Dans le courant de la journée, nous reçûmes peu à peu des nouvelles sûres concernant les événements de la nuit et du matin suivant. Napoléon avait déjà, l'après-midi précédente, envoyé à l'archiduc Maximilien d'Este, frère de l'Impératrice, responsable de la défense de la ville, une sommation de rendre la ville, faute de quoi elle serait bombardée ; le chef de l'armée ennemie rendait notre commandant responsable du désastre qui pouvait survenir. L'archiduc renvoya la missive par le général O'Reilly, sans réponse et sans l'avoir ouverte. Toutefois, bien que la sommation écrite du bombardement n'eût pas été lue, le commandant en avait été avisé avec certitude. En dépit de sa pompeuse proclamation, il s'empressa de prendre une fuite éperdue, en abandonnant la ville à son destin. Les tristes preuves d'absence de sang-froid et de précautions ne manquent pas. Si l'on avait prévenu les propriétaires et les habitants de l'imminence de l'attaque, il n'y aurait guère eu de maisons brûlées.
Une épouvantable
amnésie frappa les principaux chefs militaires.
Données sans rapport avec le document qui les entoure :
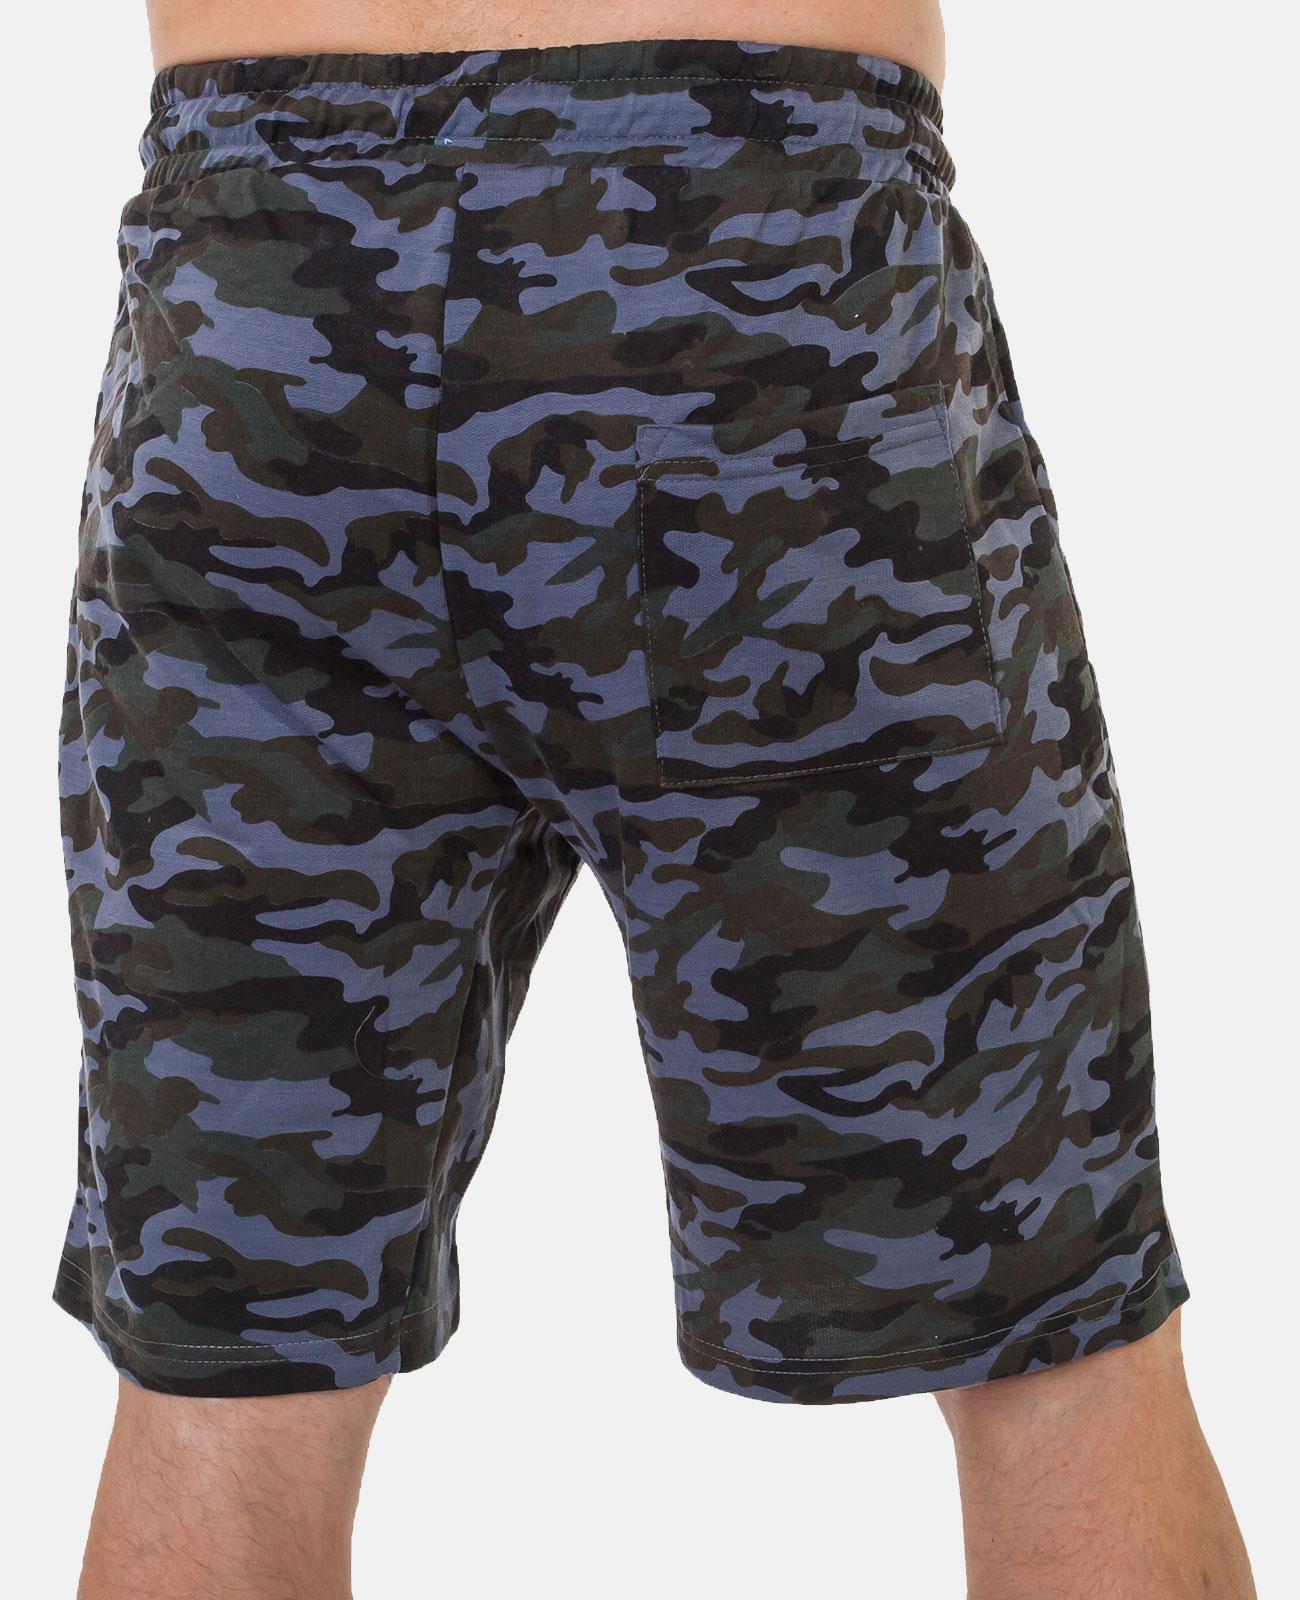 Камуфляжные мужские шорты с нашивкой ПОЛИЦИЯ - купить в подарок

Ils oublièrent que dans les
couloirs du palais impérial, on avait entreposé de très nombreux tonneaux de
poudre ; un obus aurait, en éclatant, pu faire sauter toute la Hofburg. Ils
oublièrent, même lors de leur fuite si hâtive, douze généraux qui n'étaient
au courant de rien, et furent ainsi faits prisonniers. Ils oublièrent des
provisions, des hommes, de l'argent, sauf leur propre sécurité. Il ne leur
vint pas à l'idée de faire occuper la ligne de retraite, les faubourgs du
Prater. Les voltigeurs de Masséna venant du Semmering passèrent aussitôt le
petit bras du Danube, s'emparèrent sans rencontrer de résistance, du pavillon
de plaisance du Prater, menaçant ainsi la liaison avec la rive gauche du
Danube. On ne s'aperçut du danger que trop tard. Les Français étaient maîtres
du passage dès huit heures du soir. La nuit était déjà tombée quand, par
ordre de l'archiduc, deux bataillons de grenadiers voulurent prendre position
dans le pavillon. Tout semblait y être calme et sans vie. Mais en un instant
jaillit le feu, quinze canons lancèrent une grêle de mitraille sur la masse
compacte des grenadiers qui les foudroya. En un clin d'œil, la belle allée de
marronniers qui mène au pavillon de plaisance, fut couverte de cadavres et de
mourants.
L'archiduc Max brûla derrière lui les trois ponts du Tabor. Vienne qui devait se défendre jusqu'à l'arrivée de l'archiduc Charles, qu'on attendait avec l'armée principale de jour en jour, d'heure en heure, comme le sauveur, Vienne fut donc livrée à l'ennemi ! Car même le comte Chotek, chef suprême de toute l'autorité civile, avait pris la fuite, en abandonnant tous ses subordonnés. Le président comte Bissingen et le Landmarschall comte Dietrichstein, raisonnable mais timide, n'étaient pas capables de résister à la pression des événements.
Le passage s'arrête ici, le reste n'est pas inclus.